Wednesday, July 22, 2009

World War I Archeology in..."Palestine" or, Eretz Yisrael

This should be very interesting.

Revisionist archeology.


Trains, trenches, and tents: the archaeology of Lawrence of Arabia's war

Great Arab Revolt project

6pm, Thursday 15th October 2009

Stevenson Lecture Theatre, Clore Education Centre, The British Museum, London WC1

A lecture by Neil Faulkner, University of Bristol/Arab Revolt Project

Followed by wine

Lecture abstract

In contrast to the attritional trench warfare on the major fronts of the First World War, the Arab Revolt in Arabia and Syria between 1916 and 1918 was an extreme form of asymmetrical warfare, in which small numbers of highly mobile and lightly equipped guerrillas waged war against the regular forces of the Ottoman Empire.

The effectiveness of the Arab insurgents in this conflict has been debated ever since. Pioneering archaeology in the deserts of Southern Jordan is now revealing an extensively militarised landscape that implies something more than ‘a sideshow of a sideshow’. The implication is that thousands of Ottoman troops were dispersed across the landscape and tied down in static defensive bases in a wide-ranging war without fronts against an invisible but all-pervasive enemy.

The Arab Revolt turns out to have been a prototype for ‘people’s war’ – with T. E. Lawrence its seminal theorist – that is, war of a kind that has since shaped much of the history of the 20th century, and which continues to shape that of the early 21st.

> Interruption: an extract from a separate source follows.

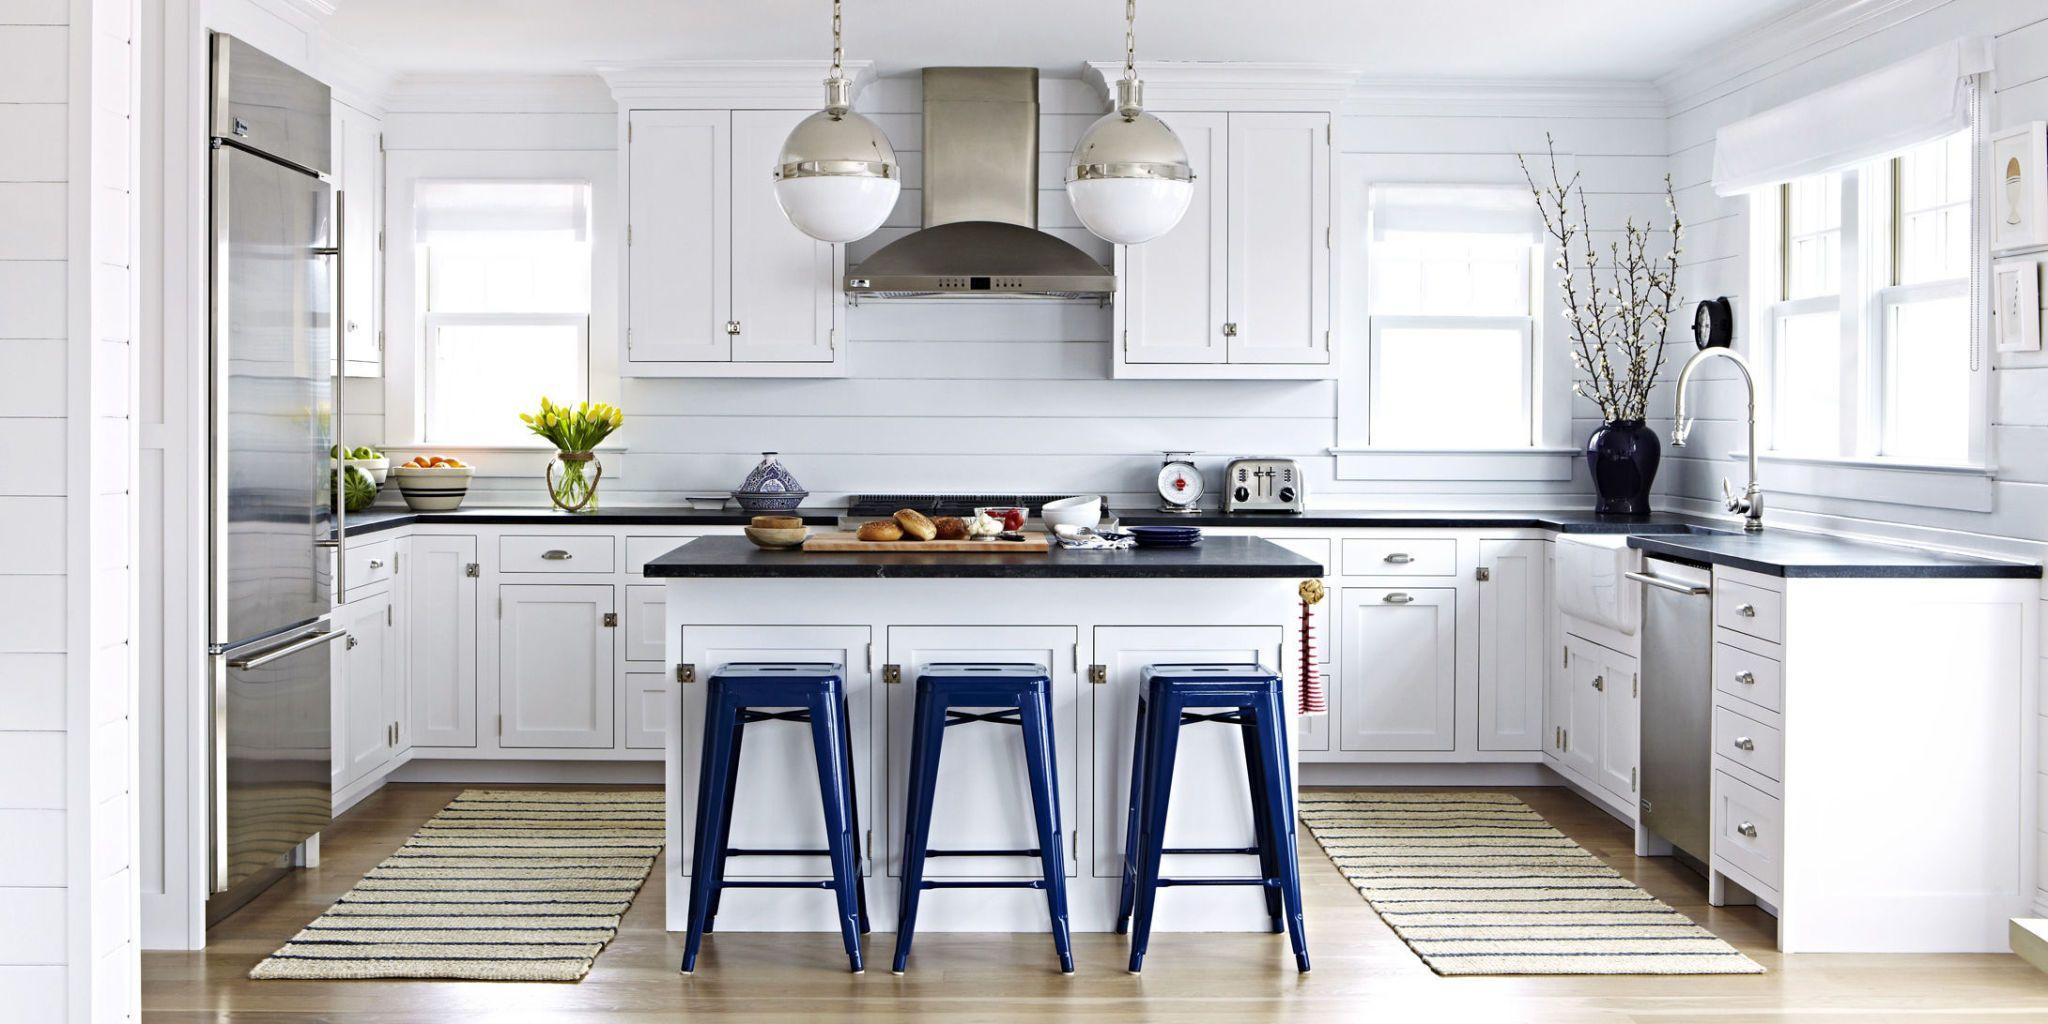 decorating kitchens kitchen update ideas 40 best decor and for design
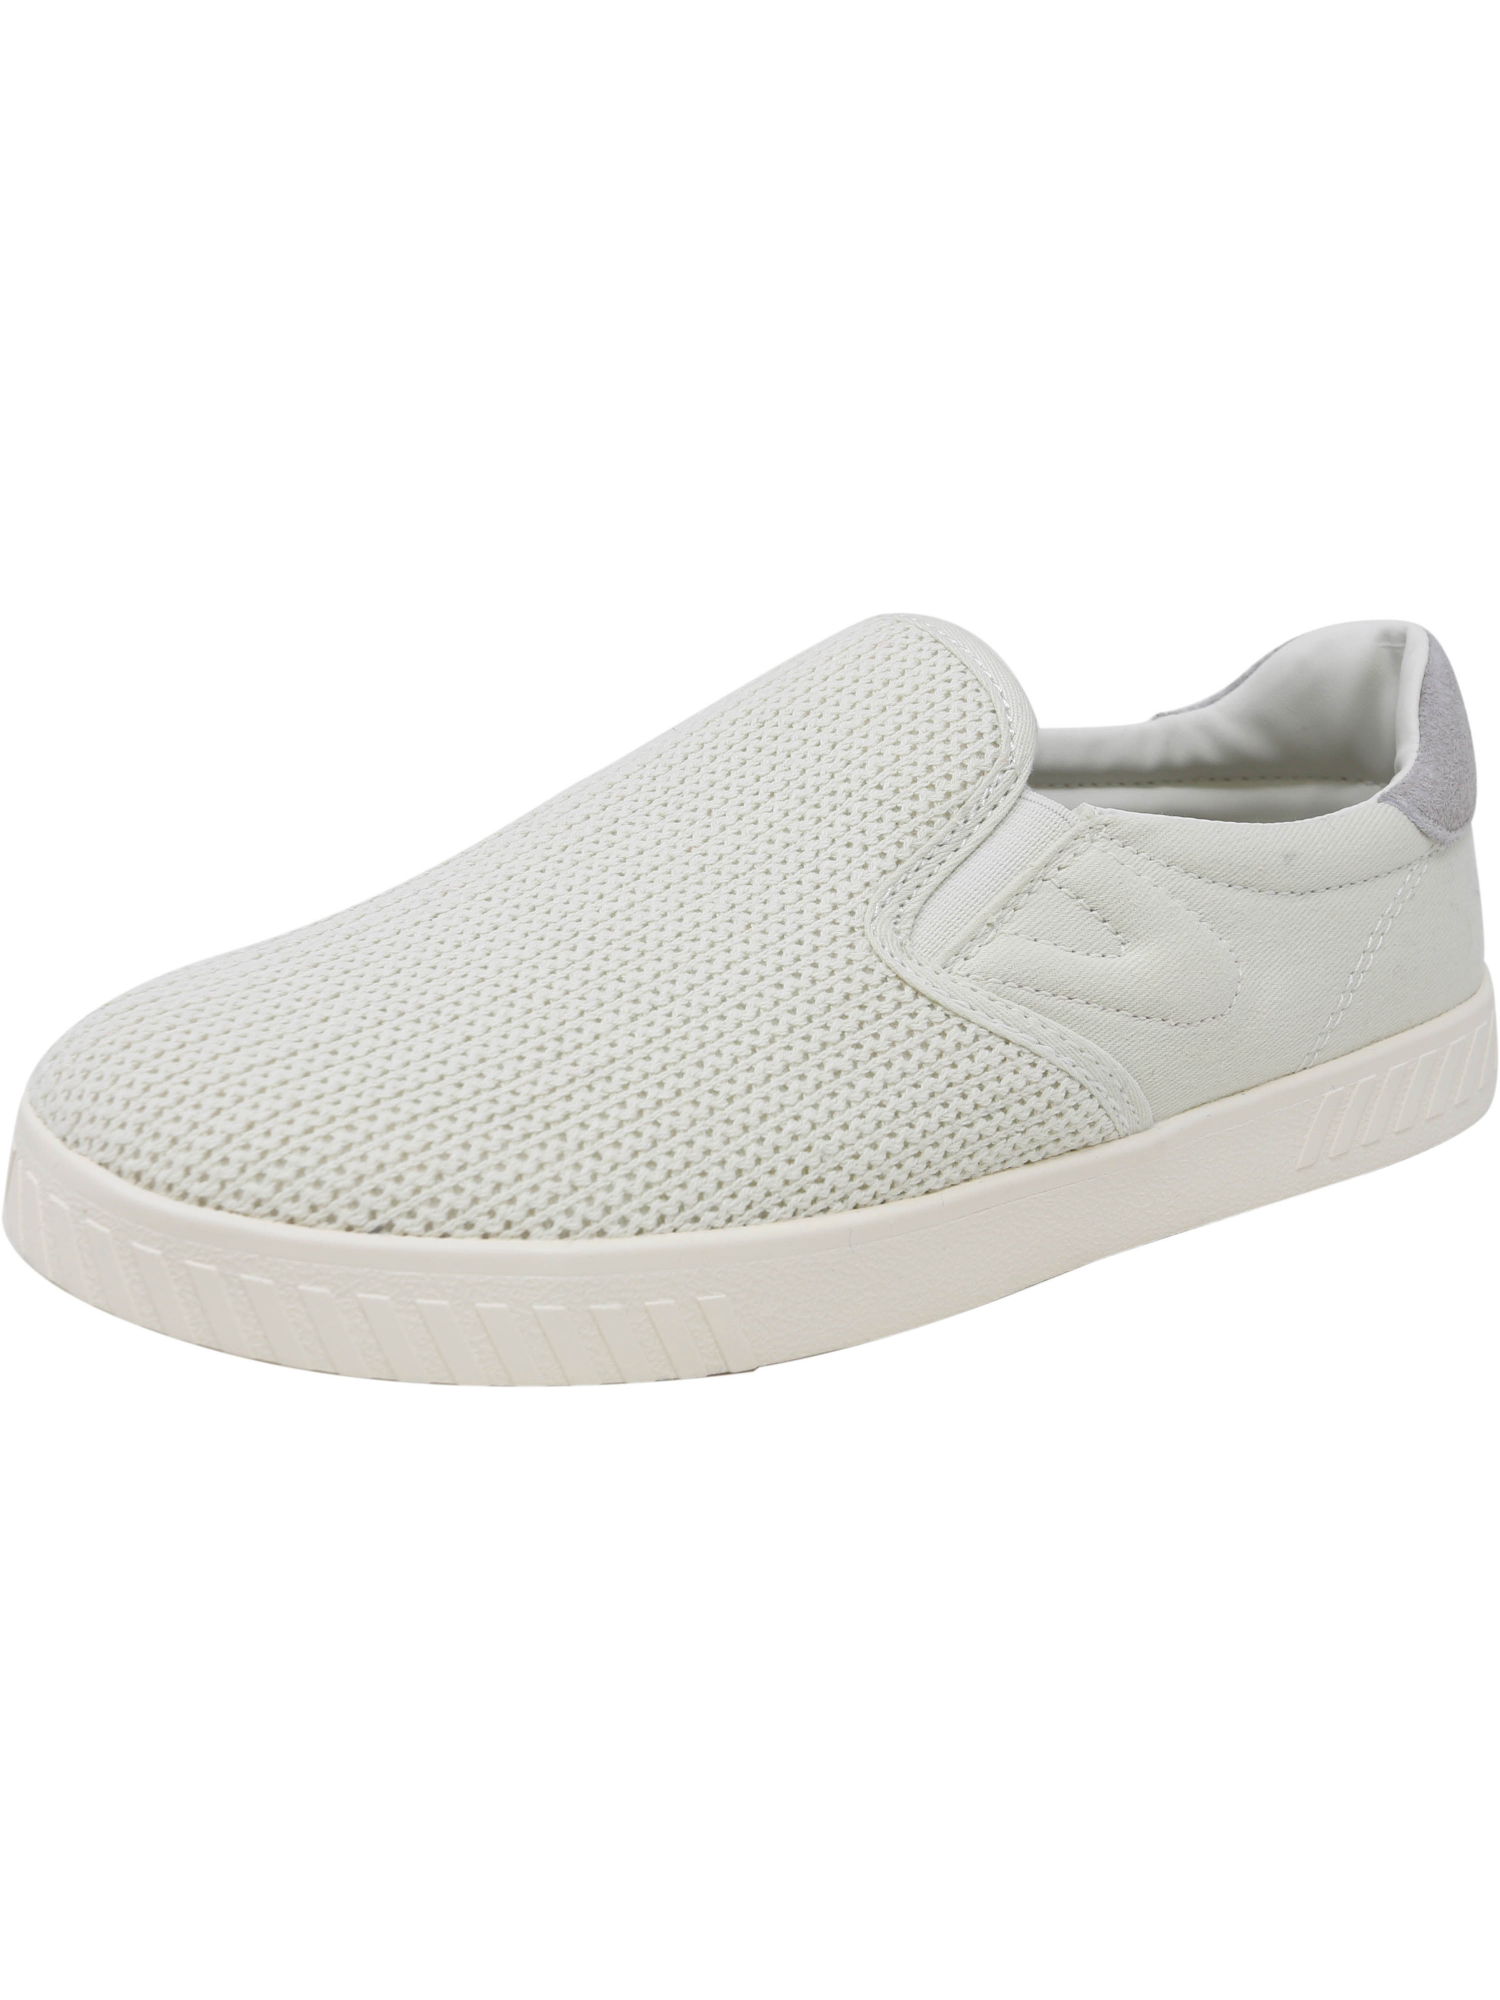 Tretorn-Femmes-Cruz-tissu-aux-chevilles-Haute-Slip-Chaussures-en miniature 15

And by the by, I found this there:

The term 'Palestine' is a widely-attested Western and Near Eastern conventional name for the region that includes contemporary Israel, the Israeli-occupied territories, part of Jordan, and some of both Lebanon and Syria. Its traditional area runs from Sidon on the coast, to Damascus inland, southwards to the Gulf of Aqaba, and then north-west to Raphia.(*)

The Sinai Desert is usually considered a separate geographical zone to the south. 'Palestine' is first attested in extant literature in the 5th cent. BC, when it appears in the Histories of Herodotus (Hist. 2: 104, etc.) as PalaistinĂª. It seems to have its origins in the root form p-l-s-t , denoting the land of the Philistines, though it has generally in Western usage referred to a much wider region than coastal Philistia, including the area that is known in Biblical, Rabbinic and Samaritan literature as the Land of Israel (Eretz-Yisra'el) or ancient Canaan. The term 'Palestine' has over many centuries retained its relevance as an apolitical geographical term regardless of the nation-states and administrative entities that have existed in this region. (**) It has no political associations when used by the Palestine Exploration Fund.
(*)

Except in the west, where the country is bordered by the Mediterranean Sea, the limit of this territory cannot be laid down on the map as a definite line. The modern subdivisions under the jurisdiction of the Ottoman Empire are in no sense conterminous with those of antiquity, and hence do not afford a boundary by which Palestine can be separated exactly from the rest of Syria in the north, or from the Sinaitic and Arabian deserts in the south and east; nor are the records of ancient boundaries sufficiently full and definite to make possible the complete demarcation of the country. Even the convention above referred to is inexact: it includes the Philistine territory, claimed but never settled by the Hebrews, and excludes the outlying parts of the large area claimed in Num. xxxiv. as the Hebrew possession (from the " River of Egypt " to Hamath). However, the Hebrews themselves have preserved, in the proverbial expression " from Dan to Beersheba " (Judg. xx.i, &c.), an indication of the normal north-and-south limits of their land; and in defining the area of the country under discussion it is this indication which is generally followed.

Taking as a guide the natural features most nearly corresponding to these outlying points, we may describe Palestine as the strip of land extending along the eastern shore of the Mediterranean Sea from the mouth of the Litany or Kasimiya River (33° 20' N.) southward to the mouth of the Wadi Ghuzza; the latter joins the sea in 31° 28' N., a short distance south of Gaza, and runs thence in a south-easterly direction so as to include on its northern side the site of Beersheba. Eastward there is no such definite border. The River Jordan, it is true, marks a line of delimitation between Western and Eastern Palestine; but it is practically impossible to say where the latter ends and the Arabian desert begins. Perhaps the line of the pilgrim road from Damascus to Mecca is the most convenient possible boundary. The total length of the region is about 140 m.; its breadth west of the Jordan ranges from about 23 m. in the north to about 80 m. in the south.

(**)

After the Jewish rebellions of the first and second centuries CE, the Romans merged the province of Iudaea with Galilee, Samaria and Idumaea, uniting the entire area in a new province bearing the Greco-Latin name Syria-Palaestina. The application of the Latinized name Palaestina to the region of the Iudaea Province by the Roman emperor Hadrian following the crushing Bar Kochba's revolt in 132-135 is seen by some historians as an attempt to suppress Jewish national feelings.